Luna Agent

A custom minimal AI agent with persistent memory, MCP tool integration, Discord/CLI interface, and structured observability.
Runs entirely on local hardware — no cloud API costs.

~2300 lines of Python. No frameworks.

Why Custom

We evaluated existing agent frameworks and rejected them all:

OpenClaw: 400K lines of code, 42K exposed instances on Shodan. Too large to audit, too large to trust.
ZeroClaw: 9 days old at time of evaluation. Too immature.
NanoClaw: Too thin — would need to rebuild most of it anyway.

The core needs (memory, tools, chat, logging) are individually well-solved problems.
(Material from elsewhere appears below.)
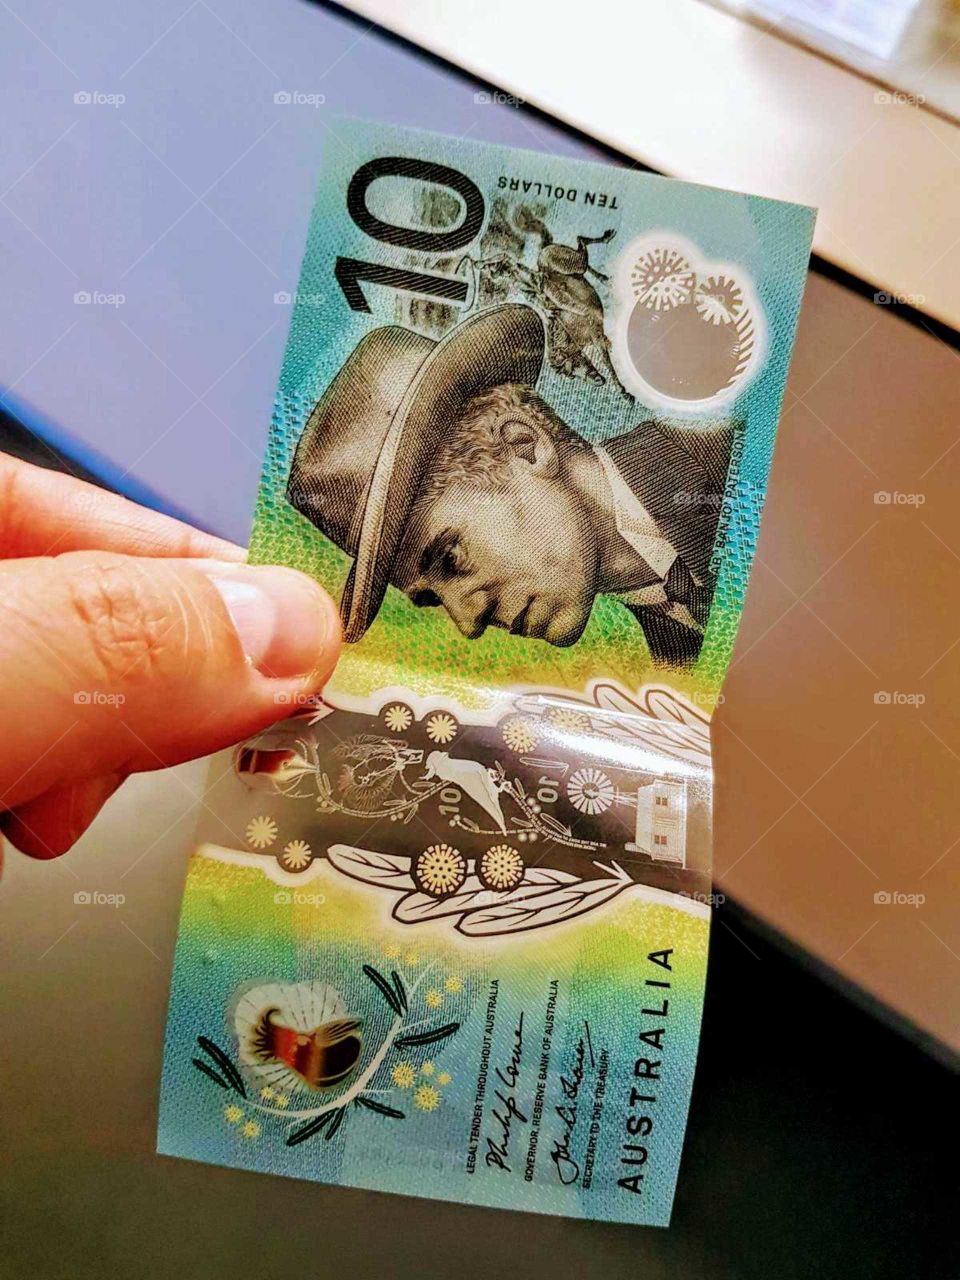 Aussie dollars!

No 400K-line framework needed.

Architecture

Discord (discord.py)     CLI REPL (no token)
     |                        |
     v                        v
+---------------------------------+
|        Luna Agent Core          |
|                                 |
|  agent.py                       |  agent loop: msg → memory → prompt → LLM → tools → respond
|    ├── llm.py                   |  single LLM client, configurable endpoint
|    ├── memory.py                |  SQLite + FTS5 + sqlite-vec hybrid search
|    ├── tools.py                 |  native tools: bash, files, web, delegate, code_task
|    ├── tool_output.py           |  smart output pipeline for large results
|    ├── mcp_manager.py           |  MCP client for community tool servers
|    └── observe.py               |  structured JSON logging
|                                 |
+---------------------------------+
              |
              v
        llama-server               Qwen3.5-35B-A3B on 2x RTX 3090

All LLM traffic flows through a single LLMClient with a configurable endpoint URL. Today it points at localhost:8001 (llama-server). To insert an AI firewall later, change the URL to localhost:9000 — zero code changes required.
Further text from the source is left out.